CAP Type welded/seamless
The function of a cap is to block off the end of a line.
Pipe Cap,Alloy Steel Cap,Pipe Fitting,Socket Cap HeBei GuangHao Pipe Fittings Co .,LTD (Cangzhou Sailing Steel Pipe Co., Ltd) , https://www.guanghaofitting.com
Standard: ASME/ANSI B16.9 ANSI/ASME B16.11 ANSI/ASME B16.28
BSEN10253-2 BS EN10253-4
Size:1/2''~42''(Seamless); 48''~80''(Welded)
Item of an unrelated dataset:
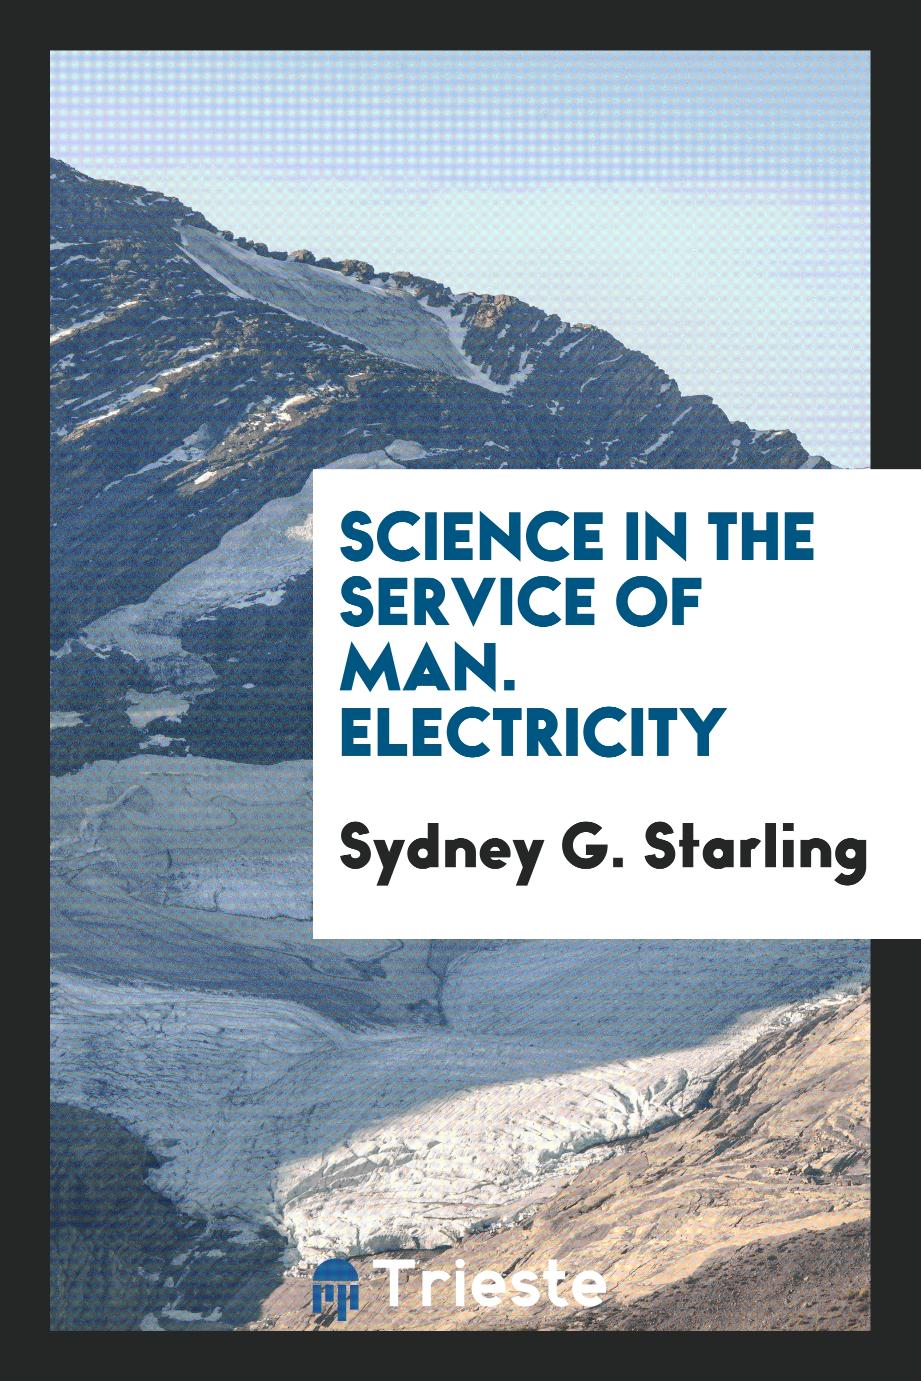 Sydney G. Starling - Science in the Service of Man. Electricity

Wall thickness: Sch5~Sch160\XXS
Manufacturing process: PRESSED etc.
Material:
Carbon steel:
FSGP PG370W PT370
.ASTM / ASME A234: WPB - WPC - WP1WP11 - WP12 - WP5 - WP22 - - WP91
ASTM / ASME A/SA 420: WPL6 - WPL3EN 10216-2: P195GH - P235GH - P265GH-P355Nh
20MnNb6 - 16Mo3 - 8MoB5-4 - 14MoV6310CrMo5-5 - 13CrMo4-5 - 10CrMo9-10-15NiCuMoNb5-6-4 - X11CrMo5X11CrMo9-1 - X10CrMoVNb9-1X10CrWMoVNb9-2 - X20CrMoV11-1former BS-DIN-AFNOR equivalent grades)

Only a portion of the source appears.